* **WHAT NEEDS TO BE DONE**
Keep the lines exact and the pictures out as you repeat the following listing.

* **SUPPLIED DATA**
---

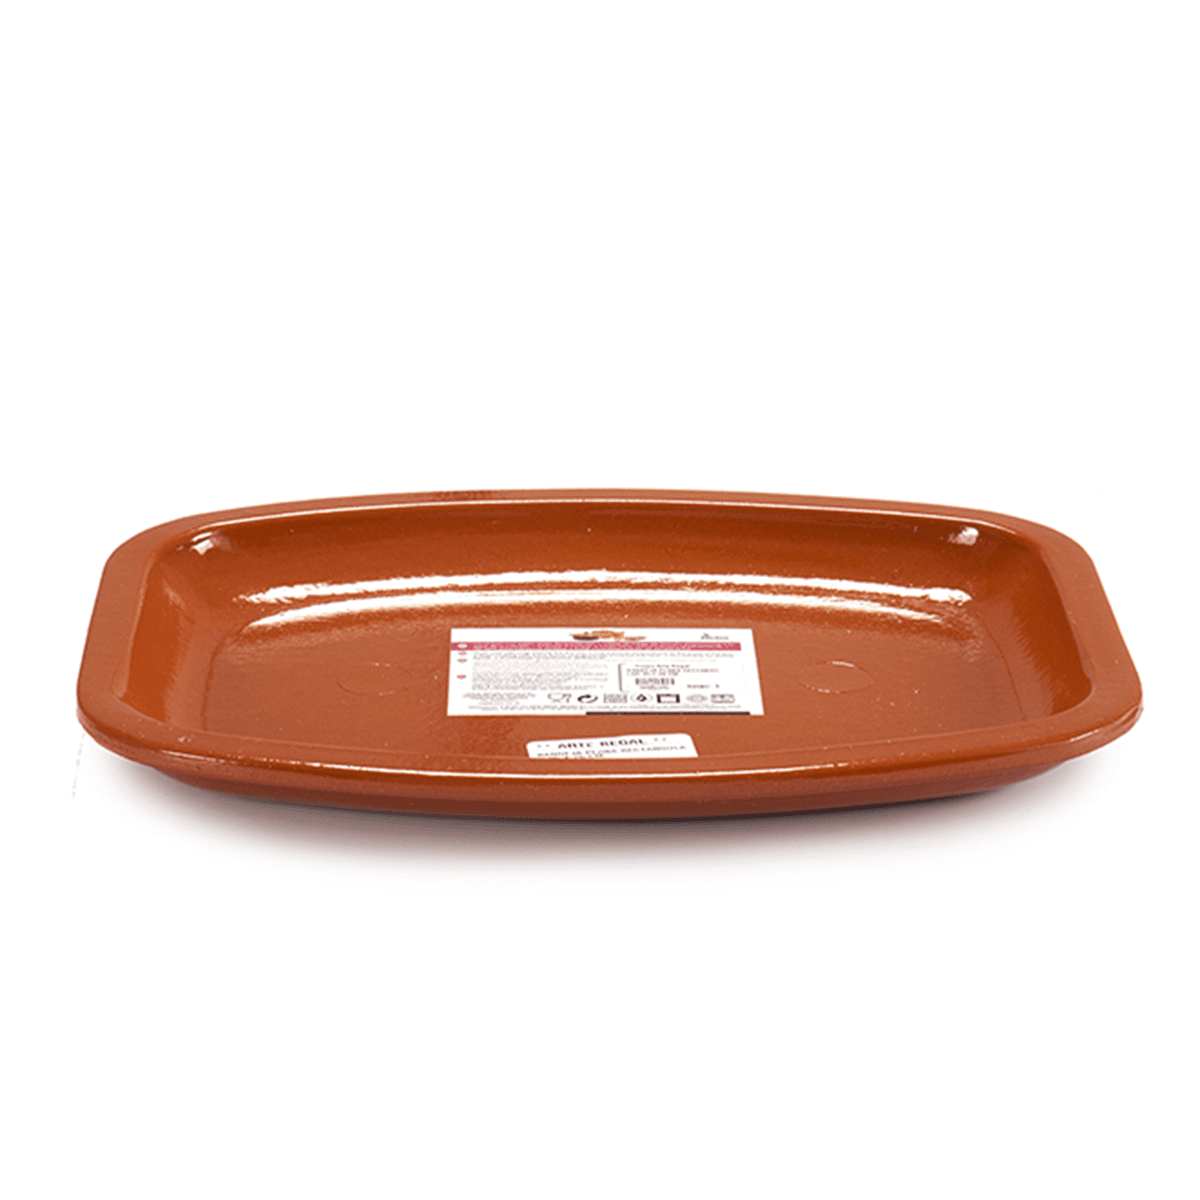 صحن مستطيل كبير مسطح فخار 30 سم صناعة اسبانيا بني آرت ريجال Arte Regal Brown Clay Flat Rectangular Plate
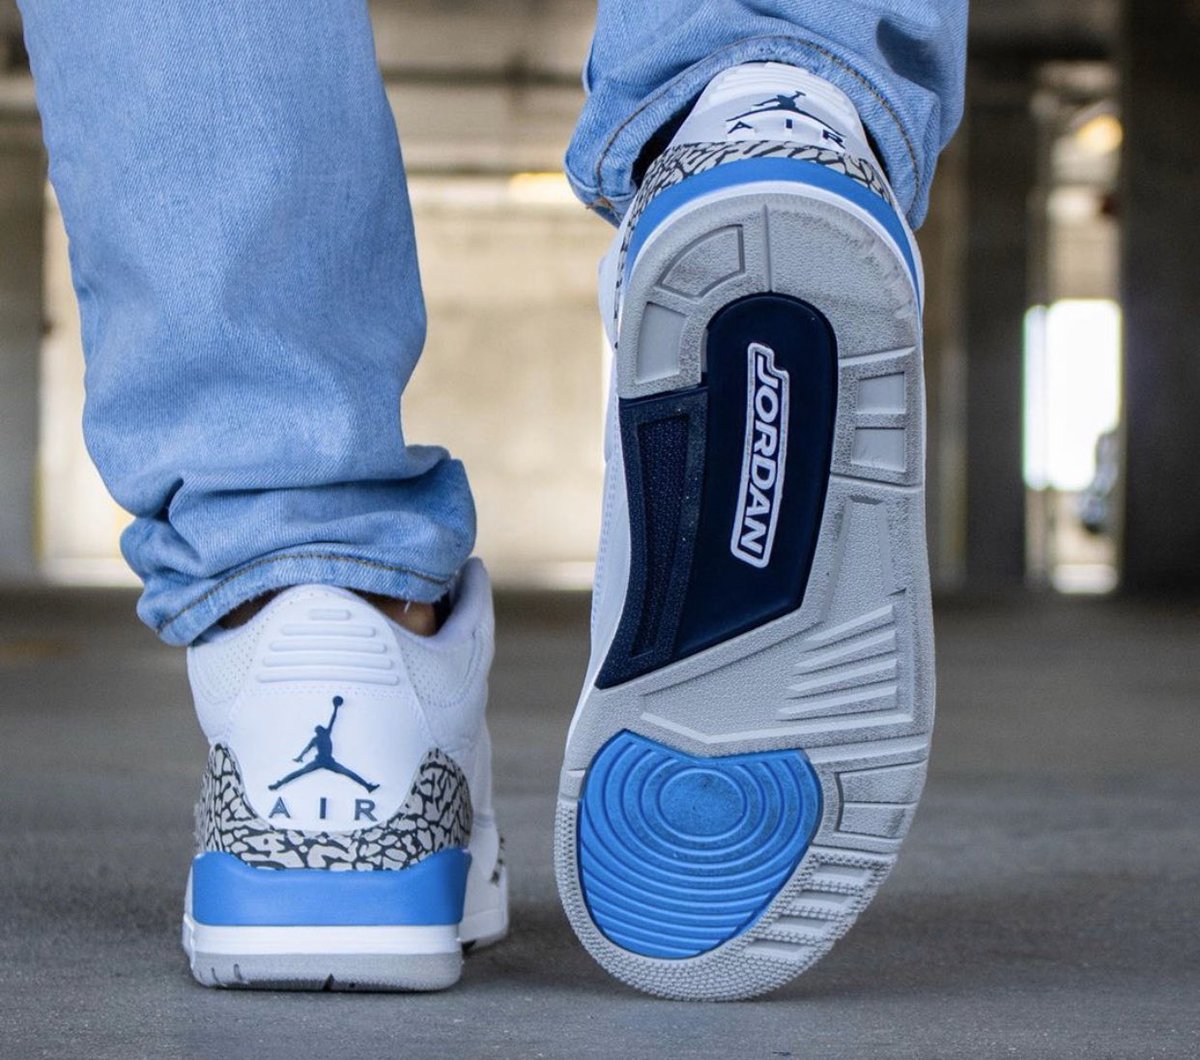 Sneaker Bar Detroit On Feet Photos Of The Unc Air Jordan 3 Dropping This Weekend T Co 4wrufvve
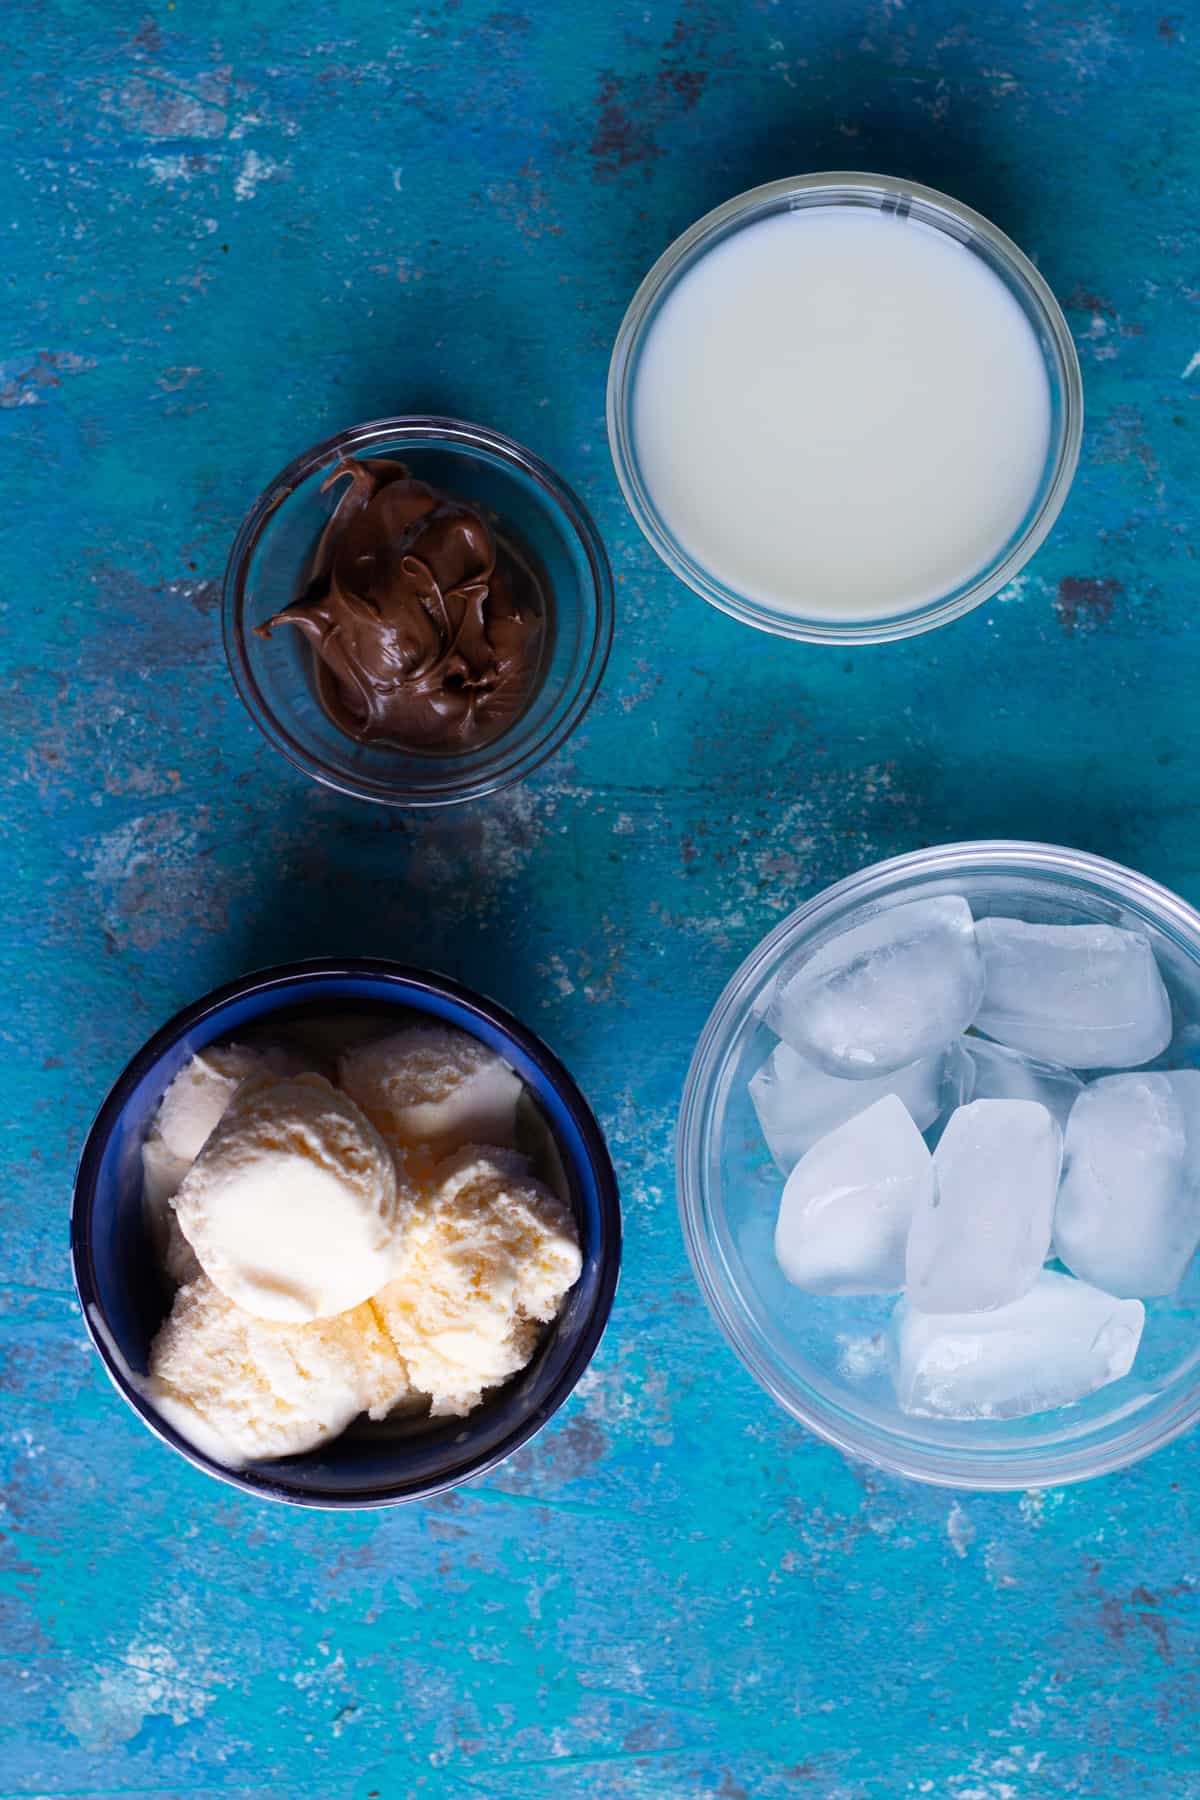 ingredients to make milkshake with nutella: nutella, milk, ice and ice cream
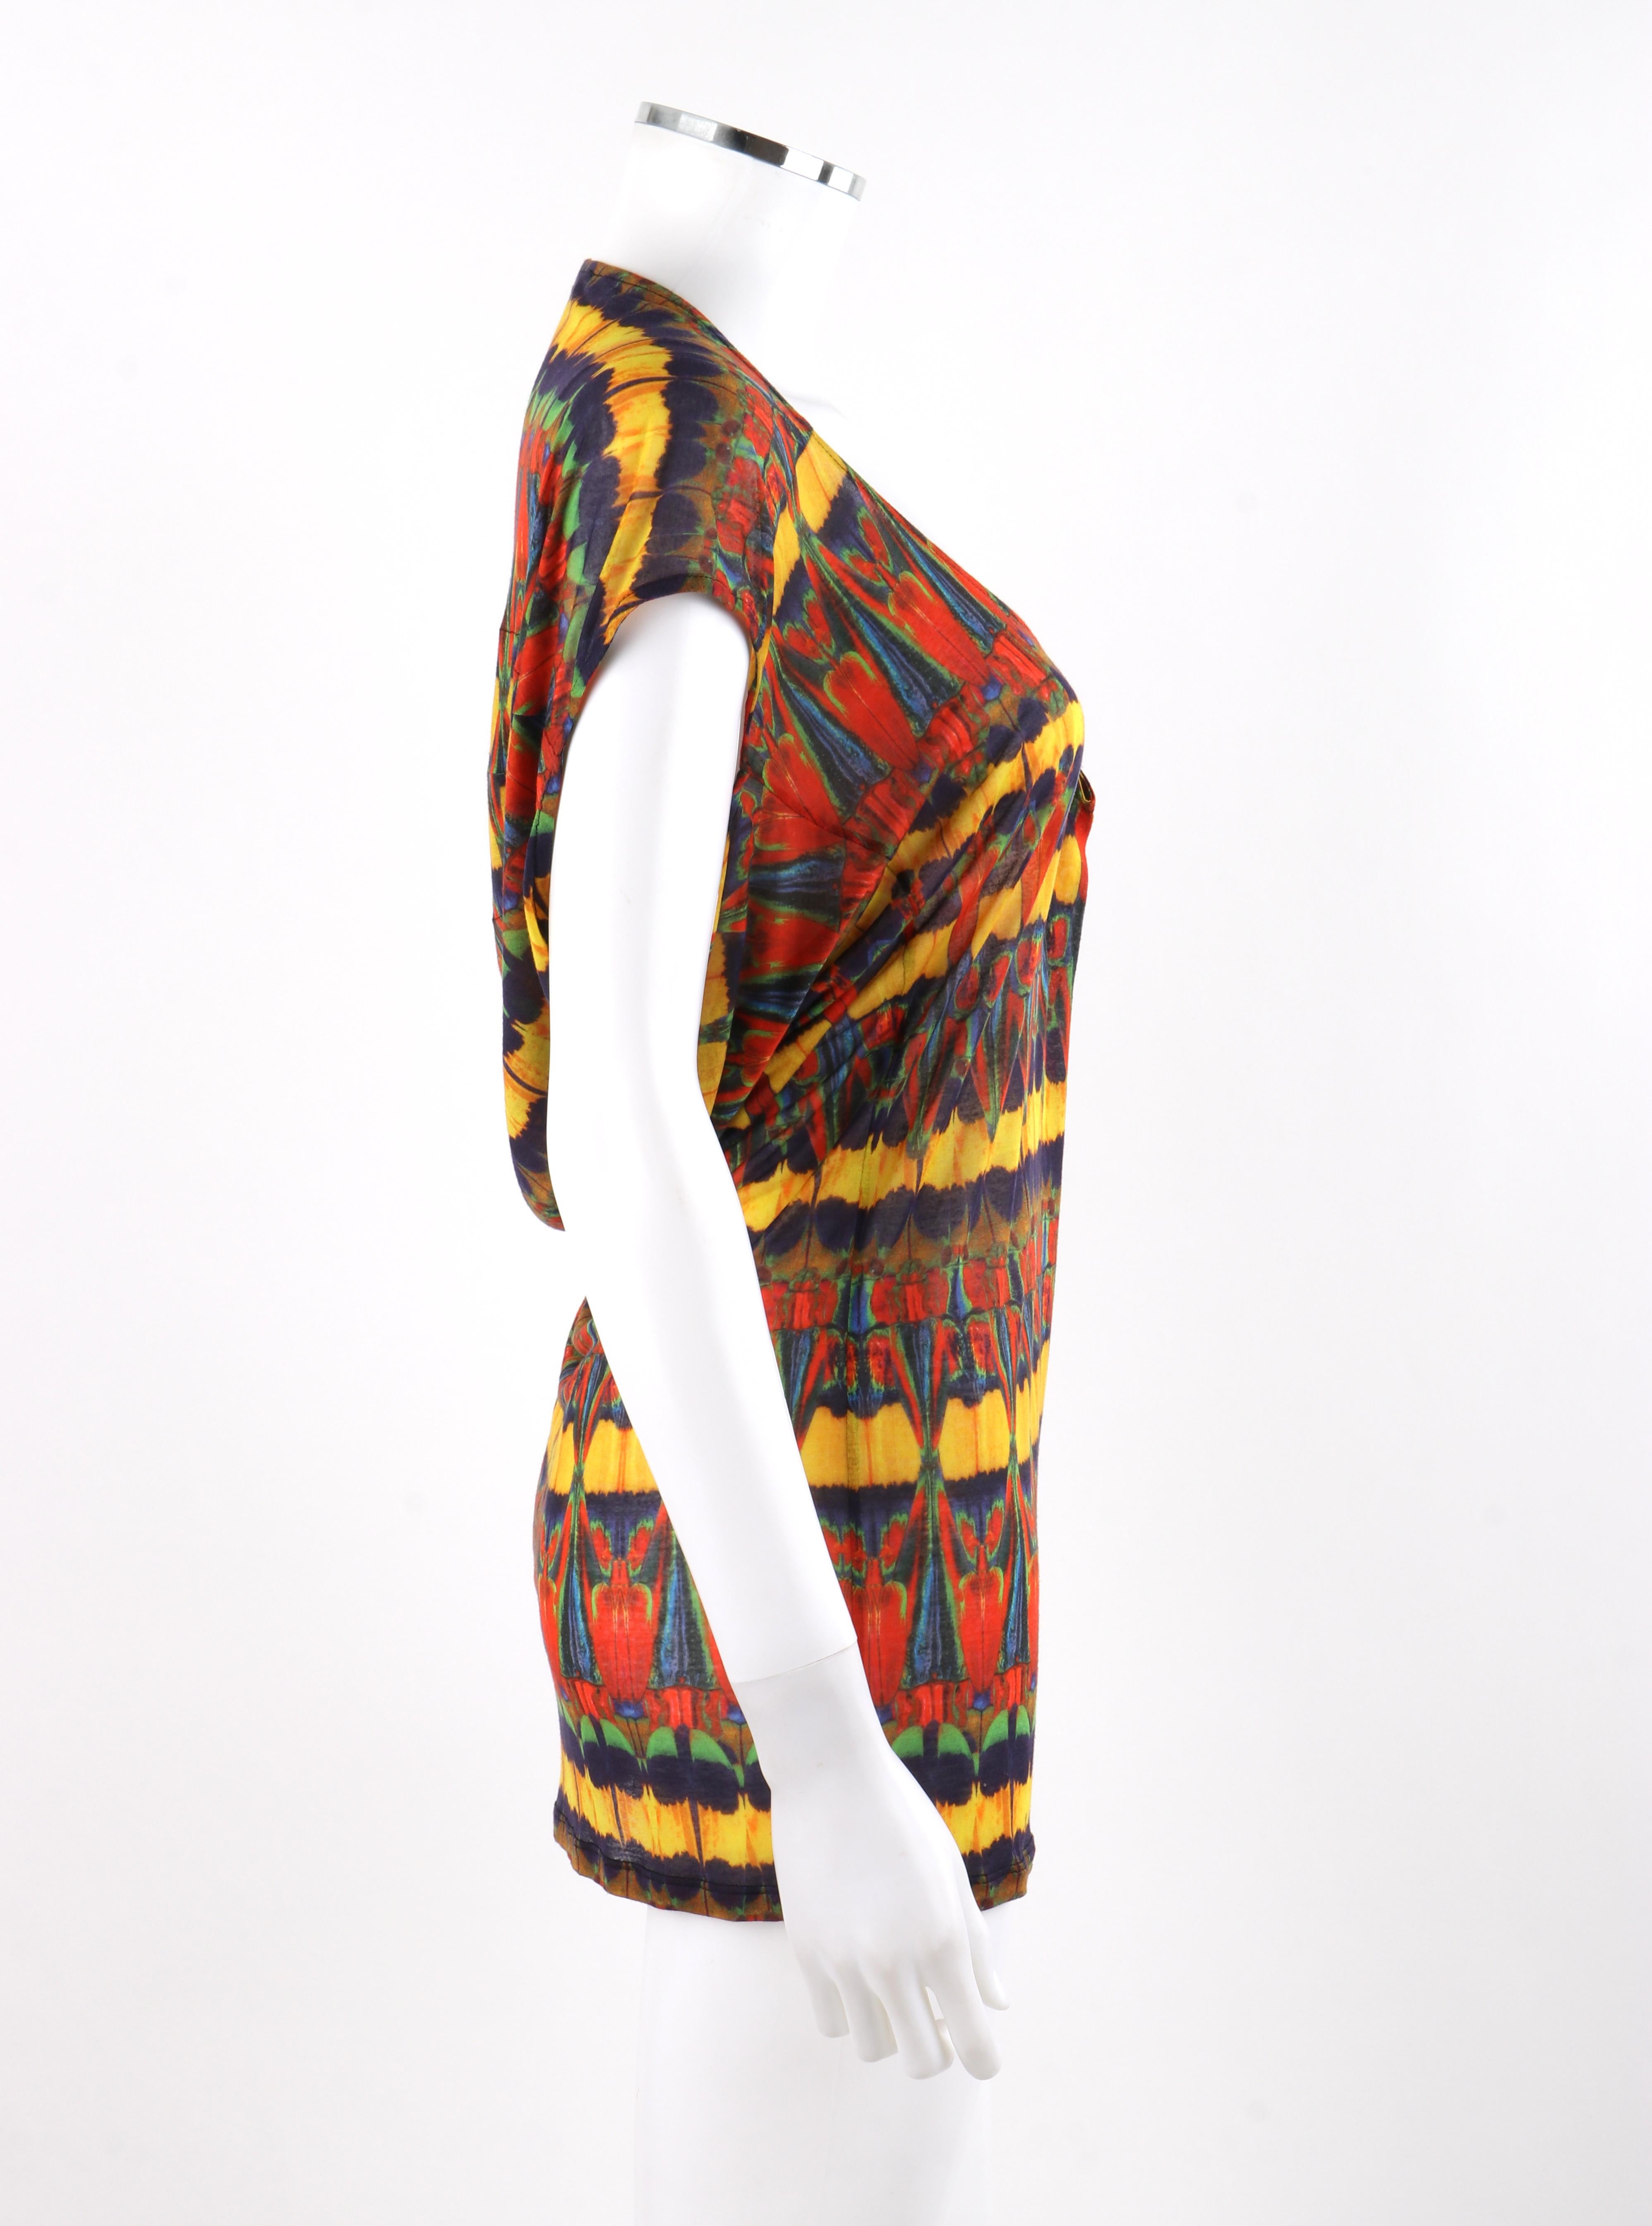 Women's ALEXANDER McQUEEN S/S 2010 “Platos Atlantis” Beetle Kaleidoscope Draped Knit Top For Sale

---

* **SOLUTION**
 صحن مستطيل كبير مسطح فخار 30 سم صناعة اسبانيا بني آرت ريجال Arte Regal Brown Clay Flat Rectangular Plate
 Sneaker Bar Detroit On Feet Photos Of The Unc Air Jordan 3 Dropping This Weekend T Co 4wrufvve
 ingredients to make milkshake with nutella: nutella, milk, ice and ice cream
 Women's ALEXANDER McQUEEN S/S 2010 “Platos Atlantis” Beetle Kaleidoscope Draped Knit Top For Sale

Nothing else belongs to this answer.